Tony Mowbray congratulates Man of the Match, Jack Rodwell |
Close watchers of the Sunderland Netflix documentary would have struggled to spot Jack Rodwell in the first few episodes. Not only was the ex-England international not playing, he didn’t appear to be training, or appear in person at all. By the time Chris Coleman arrived, continuing to marshall a losing team, and looking for excuses; Rodwell was cast as pantomime villain.
The facts, we were led to believe, were that he was refusing to play and refusing to leave. He was everything that was wrong with football. Prepared to sacrifice his career for the short term riches that the lottery winning loot of a Premier League salary has offered up. There might be a truth in that, and if I was a Sunderland supporter, as many good friends are, I wouldn’t be happy that a player of his stature was unused while they dropped two divisions.

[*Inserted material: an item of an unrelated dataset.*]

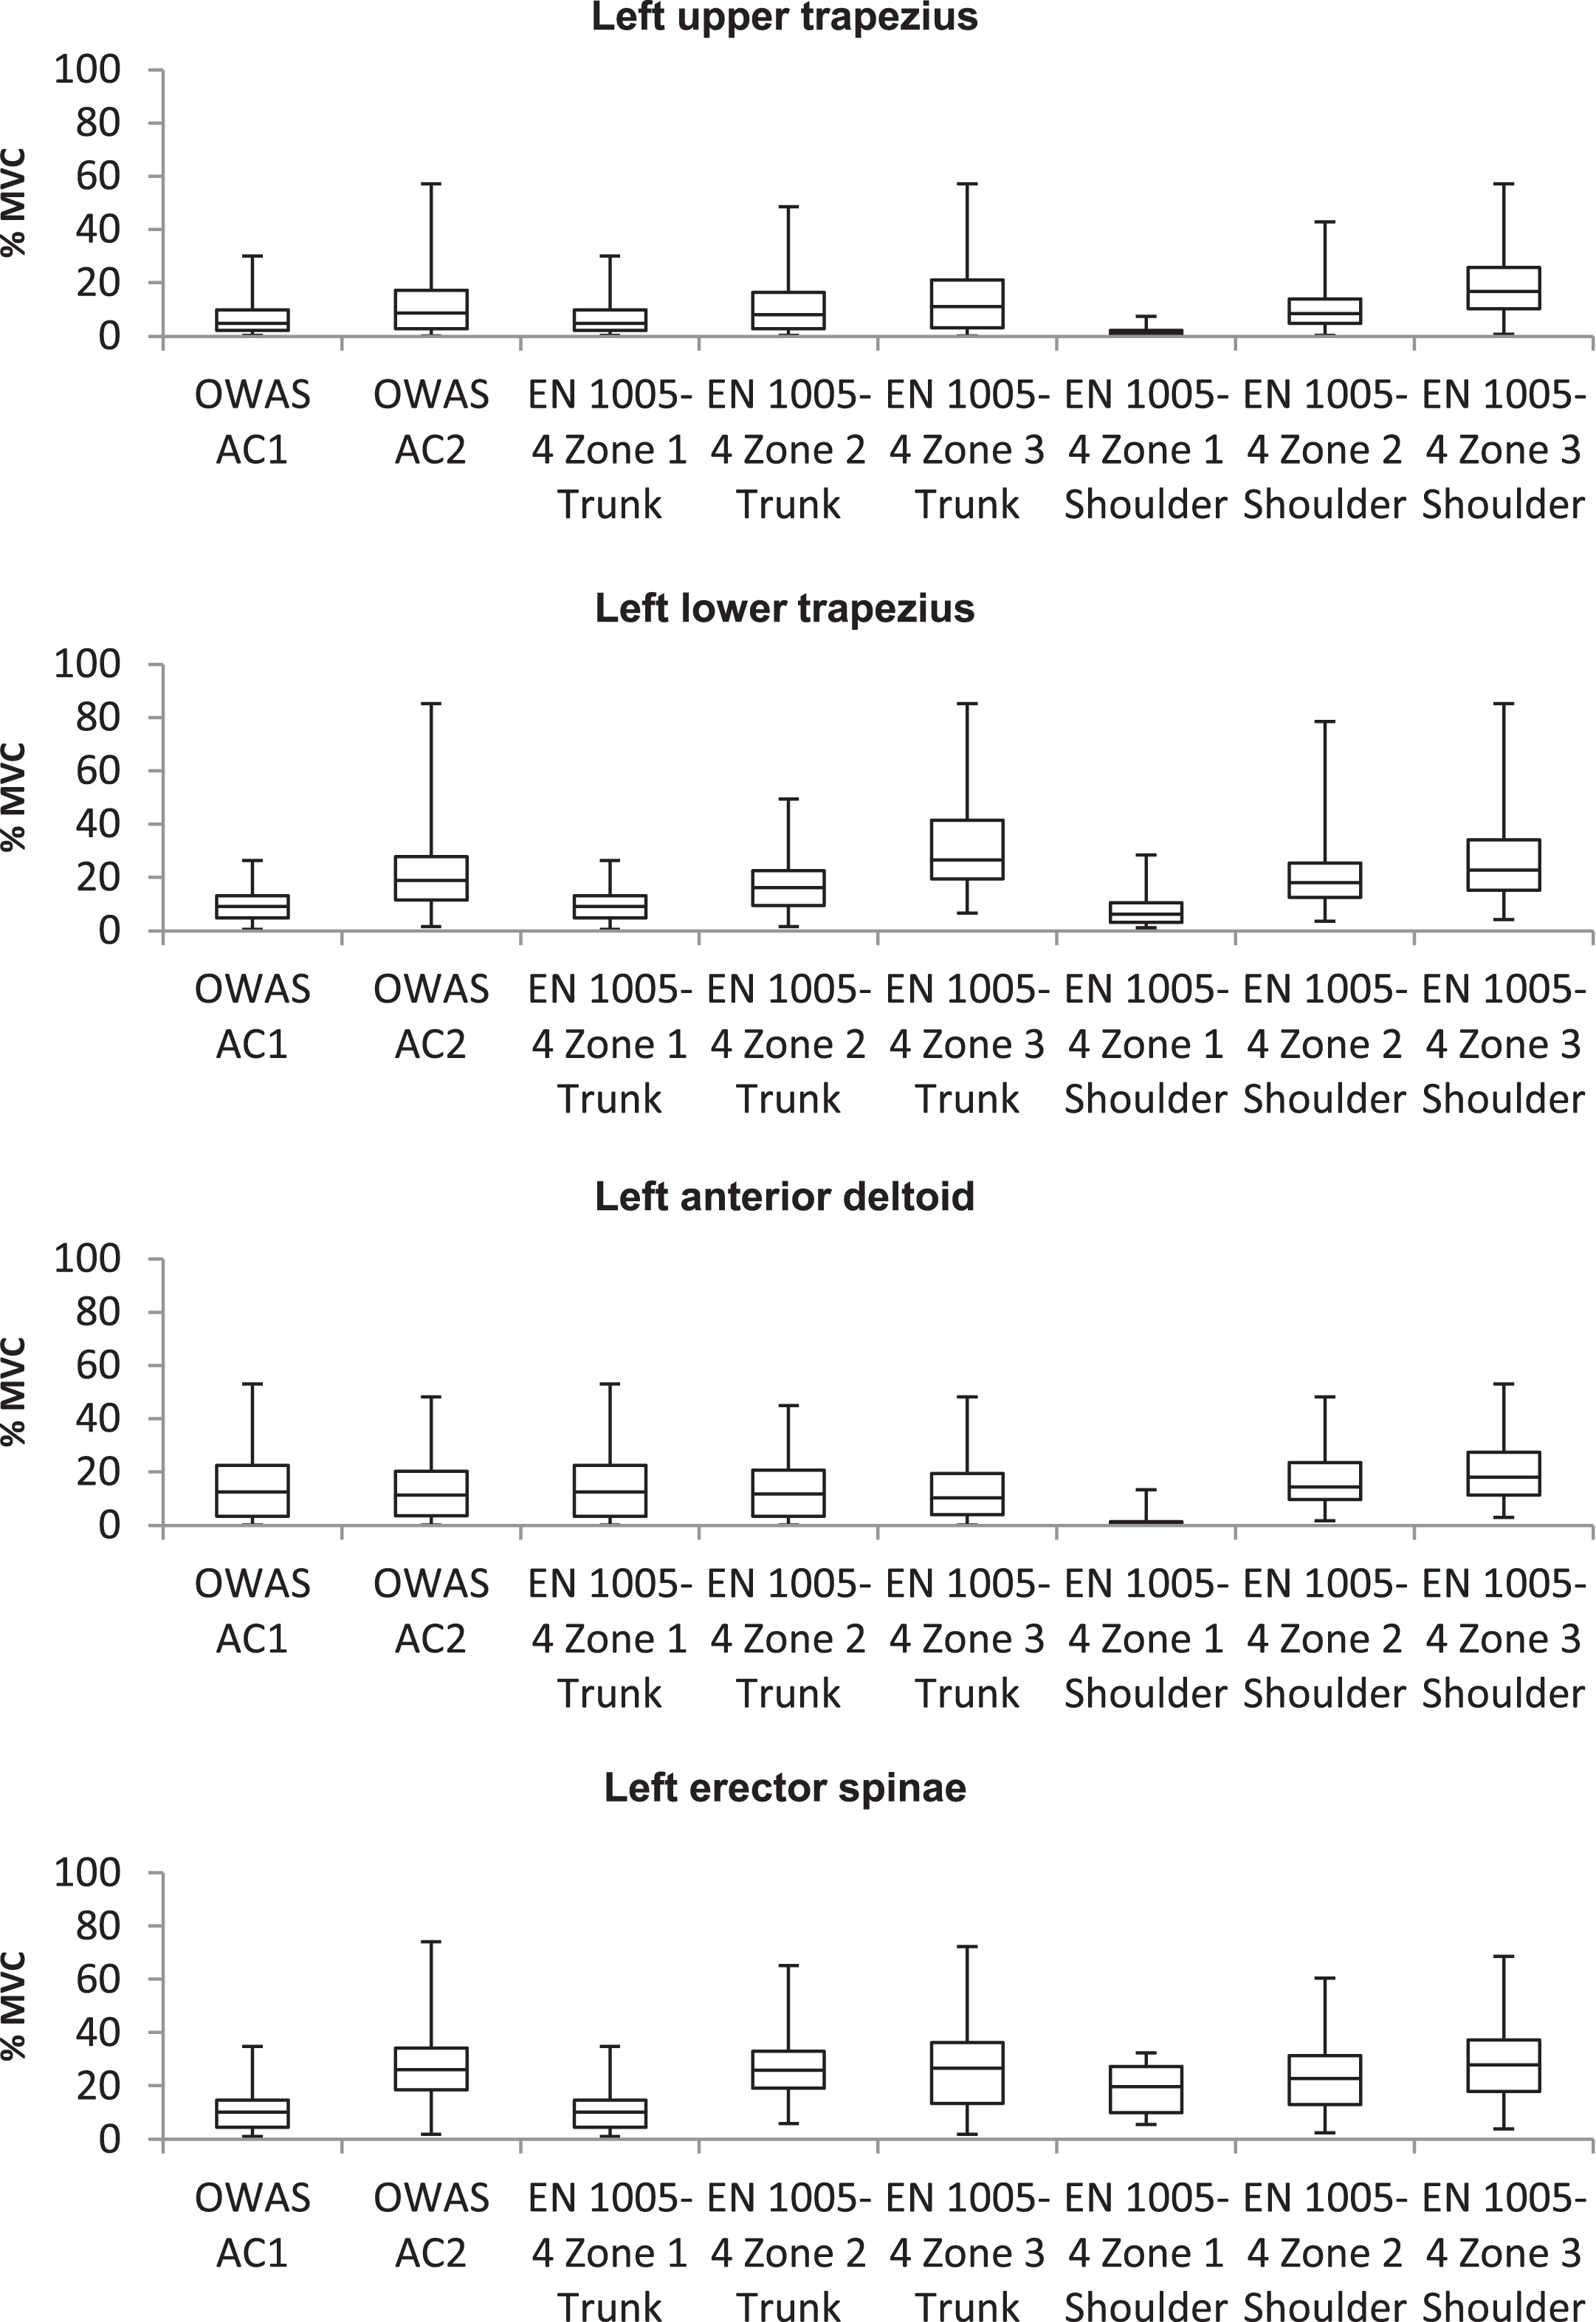 Relationship of left body side muscle activity and assessment results of OWAS and EN 1005-4.

A far more visible presence on Netflix was the hapless Sunderland chief executive Martin Bain, for whom any sympathy was tempered by the fact that, like David Brent, he welcomed the cameras into his “behind the scenes” world. I’m going to cast an unpopular opinion in here; I’m as uncomfortable with the new exaltation of the senior management team at Rovers, and I winced at Tony Mowbray appearing without irony on a team picture of the “backroom team” tucked in behind Steve Waggott, the Bain of my club.
To be fair, I respect these guys have a vital job to do. And I’ll be honest, when Rodwell signed for Blackburn Rovers I wasn’t doing cartwheels at the prospect, given the collective failure of previous regimes. We’ve been had over by these types of footballer before. One of them now plies his trade on the Match of the Day sofa, ruling his moralistic eye over the footballing world, set up for life with the unearned income from a club in crisis. Obviously I don’t mean Alan Shearer.
In the last month we’ve seen the difference between Danny Murphy and Jack Rodwell. Rodwell has been towering in his appearances for us, and especially so against a dreadful Ipswich side yesterday. I’d suggest the motivation and management of a player of his obvious natural ability has been instrumental to his transformation. I have no idea how much he is paid, or what bonus structure he is on. I believe he’s on a year long contract. We get a glimpse of Mowbray’s management style when he speaks to the press and how he behaves on the sidelines. But what we see in Rodwell’s performances in central defence is of a manager who has found a purpose for a player who has physically changed since he made his mark for Everton as a creative midfielder.
Not only that, Rodwell looks hungry and determined. I love a centre half who is comfortable on the ball. Charlie Mulgrew has that, Rodwell too, and it’s a part of Darragh Lenihan’s game that is improving as he plays alongside either of these two.
For the first time this season yesterday, I sat through a match never in any doubt that Rovers would win comfortably. Paul Lambert’s Ipswich were a ragbag of journeymen artisans and broken men. Much like Paul Lambert’s Blackburn Rovers, to be fair. Every single Rovers player won his personal battles around the pitch, the one possible exception being James Collins putting a shift in at the back and matching Danny Graham in his weekly game of grapple. It should have been 5 or 6, frankly.
I over-confidently predicted that we’d finish 8th at the beginning of the season. To do that would involve getting beat a few times and suffering bad runs as well as enjoying good ones. That’s happened and will continue to do so. What is more, when we win it will be because good players like Rodwell, like Bradley Dack, like Lewis Travis, put in great performances, inevitably attracting the attention of bigger clubs. It’s a good position to be in, maybe not dramatic enough for a Netflix series, but it’ll do me.